» **Brief**: Copy out again, unchanged, the listing below from the line that has "El Cartonazo quedó" through the line that has "Küchenfronten Selbst Erneuern".

(Input for this task Opens)

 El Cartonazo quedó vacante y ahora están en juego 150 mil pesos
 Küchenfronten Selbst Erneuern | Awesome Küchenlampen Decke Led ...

(Input for this task Closes)
(Input for this task Opens)

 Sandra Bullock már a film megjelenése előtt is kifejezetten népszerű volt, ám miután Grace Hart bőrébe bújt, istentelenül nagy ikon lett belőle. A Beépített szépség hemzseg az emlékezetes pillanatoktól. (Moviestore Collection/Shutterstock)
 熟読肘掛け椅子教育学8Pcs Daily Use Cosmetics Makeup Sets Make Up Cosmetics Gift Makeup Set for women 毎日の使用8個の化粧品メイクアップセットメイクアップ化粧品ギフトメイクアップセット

(Input for this task Closes)

» **Answer**:
 El Cartonazo quedó vacante y ahora están en juego 150 mil pesos
 Küchenfronten Selbst Erneuern | Awesome Küchenlampen Decke Led ...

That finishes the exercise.